Унюхал. На меня бросился. Клыками в горло вцепиться старается. Лапами когтистыми по груди царапает. Сейчас придушит меня и на прокорм пустит. Не желаю я в снедь идти. Отбиваюсь. Хлещу хвостом по бокам вражьим. Зубы его своими зубами встречаю. Из объятий его вырываюсь. От шерсти, что в рот набилась, отплевываюсь. Наседает он. Наскакивает. Писком пронзительным меня изводит. Коготком глаз мне вырвать хочет. Словно знает, что из бочки наружу лишь один живым выйдет.

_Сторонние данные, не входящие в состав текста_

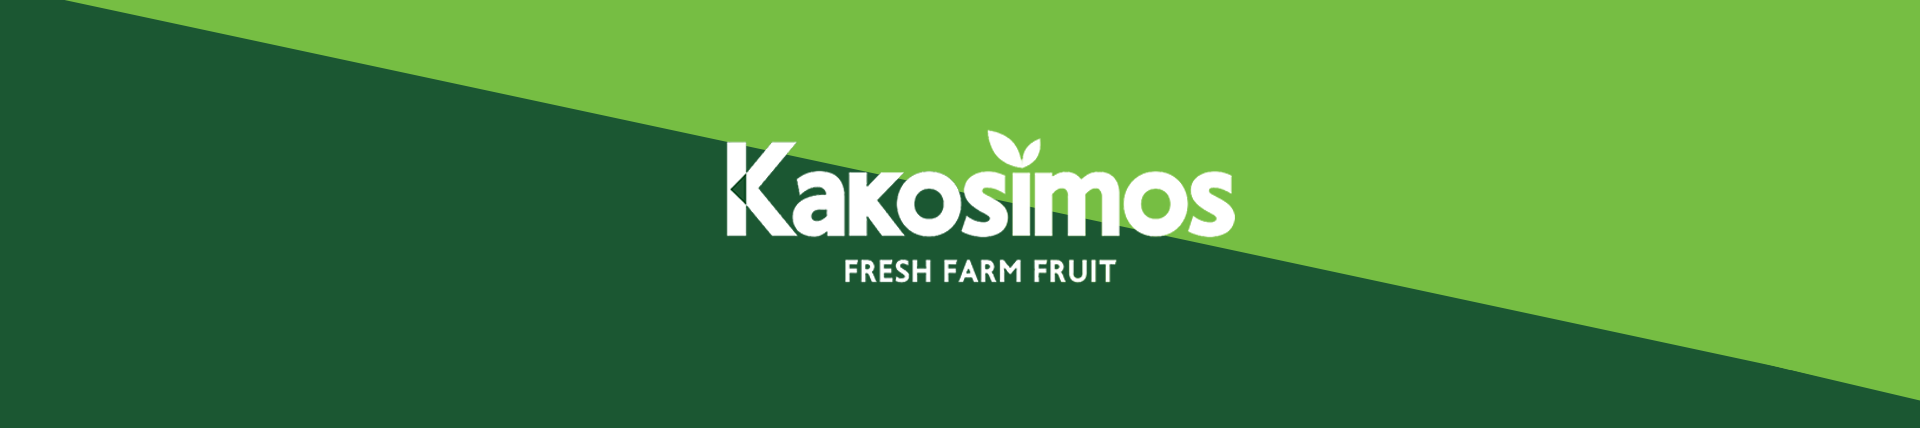 Kakosimos Farm

А сверху то луч солнечный пробивается, то тень накрывает. Это люди над бочкой склонились. Ревут радостно. От рева по бочке эхо раскатывается, нас с толку сбивает. И от этого злость во мне в ярость оборачивается. И уже не я от него, а ворог от меня бегать начал. От нападок моих уворачивается. Хвост свой лысый жмет. Только нет во мне сострадания. Озлобление мне глаза застит. Смерти его хочу. Крови жажду. Прижал супротивника к железному полу. Лапами горло ему сдавил. Уже не пищит он, а только повизгивает. Я уже победу чую. Ликую ошалело. И вдруг вижу, что у противника вовсе не морда крысиная, а лицо человечье. Мое лицо. И не крысу я давлю, а себя убиваю. И тогда закричал я. И крика своего устрашился…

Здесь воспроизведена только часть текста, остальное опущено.